Выбрать главу

Многое здесь заставляет думать об Оруэлле, которого Казак, скорее всего, в то время еще не знал (хотя, может быть, и знал, никаких свидетельств тому нет). В один прекрасный день на стенах домов и оградах изображаемого города появляются плакаты, подписанные некоей таинственной аббревиатурой, которую жители расшифровывают как «Институт для Европы». «Институт» отдает устрашающие приказы – людям запрещают уезжать за пределы города, урезают продовольствие до уровня голодного пайка, детей забирают в интернаты, где калечат чудовищным воспитанием, превращая в бездумных исполнителей команд. Искусственно создается почти военная ситуация, чрезвычайное положение. Сводятся на нет, ликвидируются все демократические права – «Люди оказались в плену». При этом царит полнейшая неизвестность, никакой информации о происходящем и его причинах не поступает. Да и в любом случае всякая информация до граждан не была бы допущена. Таинственный «Институт» настолько завладел городом, сознанием людей, что все покорно и тупо выполняют самые нелепые или жестокие предписания. Господствует полнейший конформизм, абсолютная и всеобщая готовность выполнять любые приказы, полная приспособляемость, которую в своих реакциях и своем поведении демонстрирует герой романа Икс. Лишь очень немногие решаются на протест. Местный пастор, например, воспротивившийся деятельности «Института», оказывается в тюрьме, где его «перевоспитывают». В конце романа выясняется, что «Институт» – мистификация. За таинственной аббревиатурой скрывается международный киноконцерн, который намерен запечатлеть на пленку жизнь и нравы послевоенной Европы: голод, страдания людей, включая запланированную катастрофу, жертвой которой становятся жители города. На них сбрасывают бомбу, притом отнюдь не декоративную, а настоящую…

Концепция романа связана с представлением о бессилии человека перед мощными, навязанными ему анонимными силами. Сходные идеи возникают и в стихах Казака. Одно из них называется «В большой сети» (или «В большой паутине»).
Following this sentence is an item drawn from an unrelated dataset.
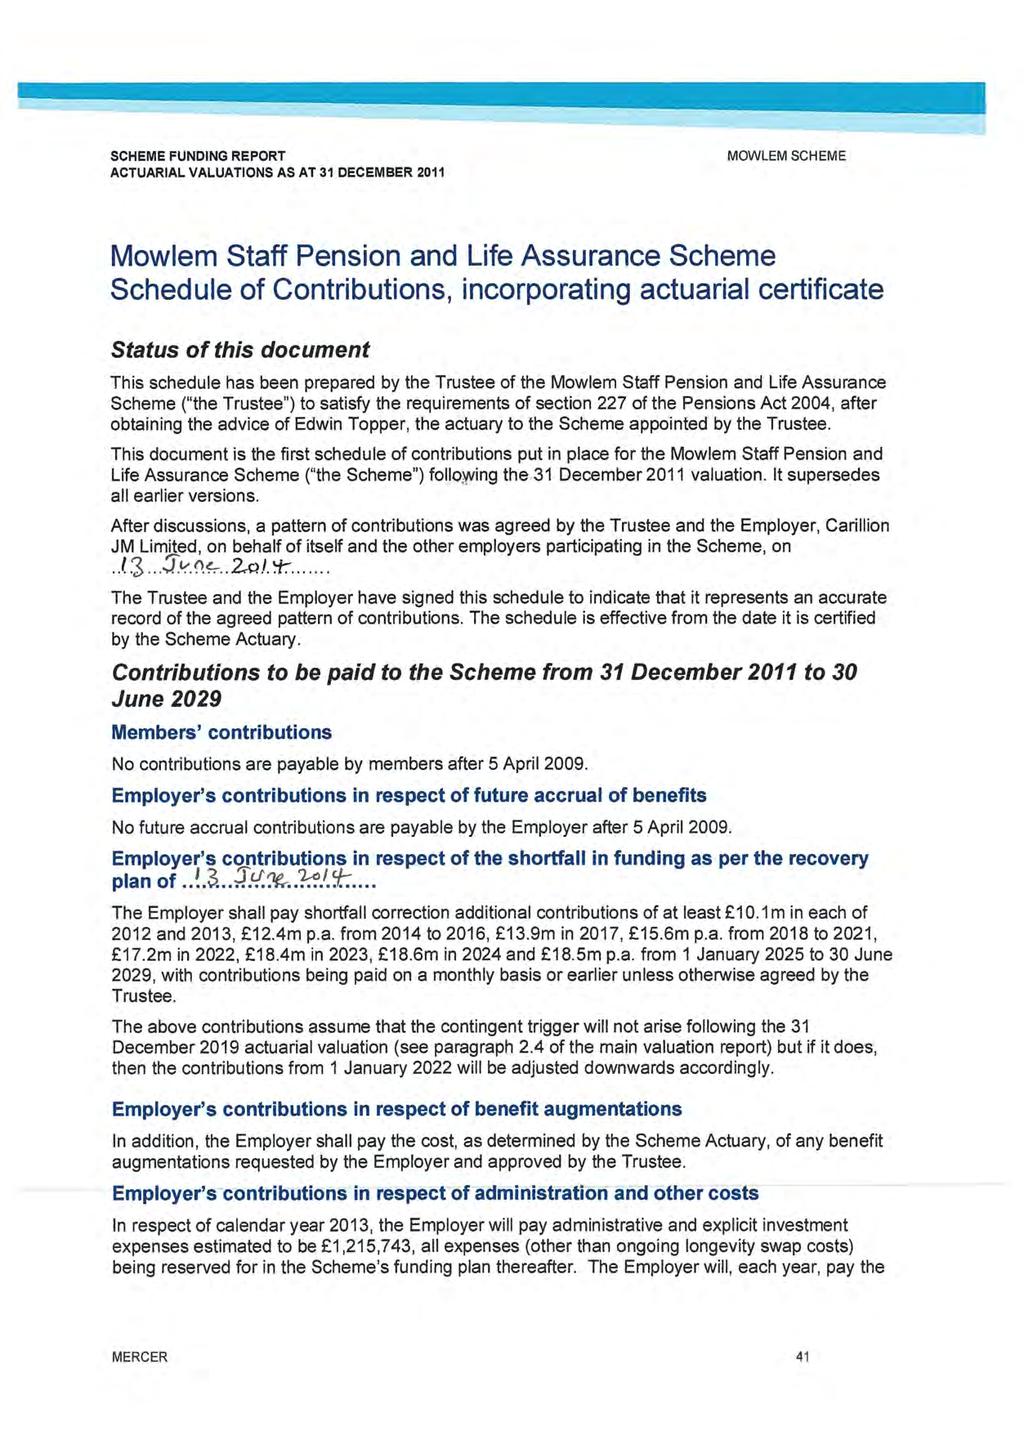 MOWLEM SCHEME Mowlem Staff Pension and Life Assurance Scheme Schedule of Contributions, incorporating actuarial certificate Status of this document This schedule has been prepared by the Trustee of

Казак будто предугадал возникновение Интернета. Точнее, просто получилось так, что название звучит очень актуально. Но речь в стихотворении идет о некоем страшном пауке, жадном до человеческой крови. В его паутине, протянутой от континента до континента, «сердце будущего, сон народов»: «Бездумные властители, несущие на себе проклятье, спутники паука, час за часом, десятилетие за десятилетием затягивают в паутину мужчин, женщин, детей. Все мы висим, пойманные и беззащитные, добыча большой паутины, отданные во власть ненасытных лап великана и его смертоносных челюстей». Этот образ возникает у Казака неоднократно: «Паук мира, с когтями сфинкса, ненасытно питающийся нашей жизнью, остается властителем адского времени…» Большая сеть, паутина, в которую затянут беззащитный человек, – все та же аллегория рока, бессилия человека перед чудовищными преступлениями.

Все, что изображает Казак, в значительной мере определено трагическим опытом прошлого, недавней истории. Именно война, по словам Казака, открыла перед ним во всем ужасе не только картины разрушений, страданий, бедствий: пережитая катастрофа породила тяжелое разочарование «духовной суетой». Деятельность, активность предстают как «пустой шаблон». История о том, как насильственно перекраивается, корежится жизнь целого города, как некая анонимная сила, узурпировавшая власть, контролирует поступки, поведение и мысли граждан, поощряя полное послушание и карая за малейшее сопротивление, как в государственных учреждениях увечат детей, развращают их души, как подавляется, разрушается личность, – была подсказана автору недавней историей его страны, опытом двенадцати лет нацистского господства. В то же время трудно игнорировать выраженное в романе стремление автора к универсализму. Его сатирический гротеск очень убедителен – например, в сцене спортивных состязаний, когда мяч начинает играть людьми. Автор ярко разоблачает бюрократическую машинерию как проявление того, что Теодор Адорно назвал «ущербным существованием». Конечно, намеренная всеобщность этой сатиры допускает различные толкования; в конце концов Казак был современником не только нацизма, но и других диктаторских режимов. И все же главным импульсом для него была, несомненно, трагическая история Германии, чудовищные преступления нацизма, которые не могли и не должны были пройти бесследно. Об этом свидетельствует творчество всех антифашистских писателей второй половины ХХ столетия.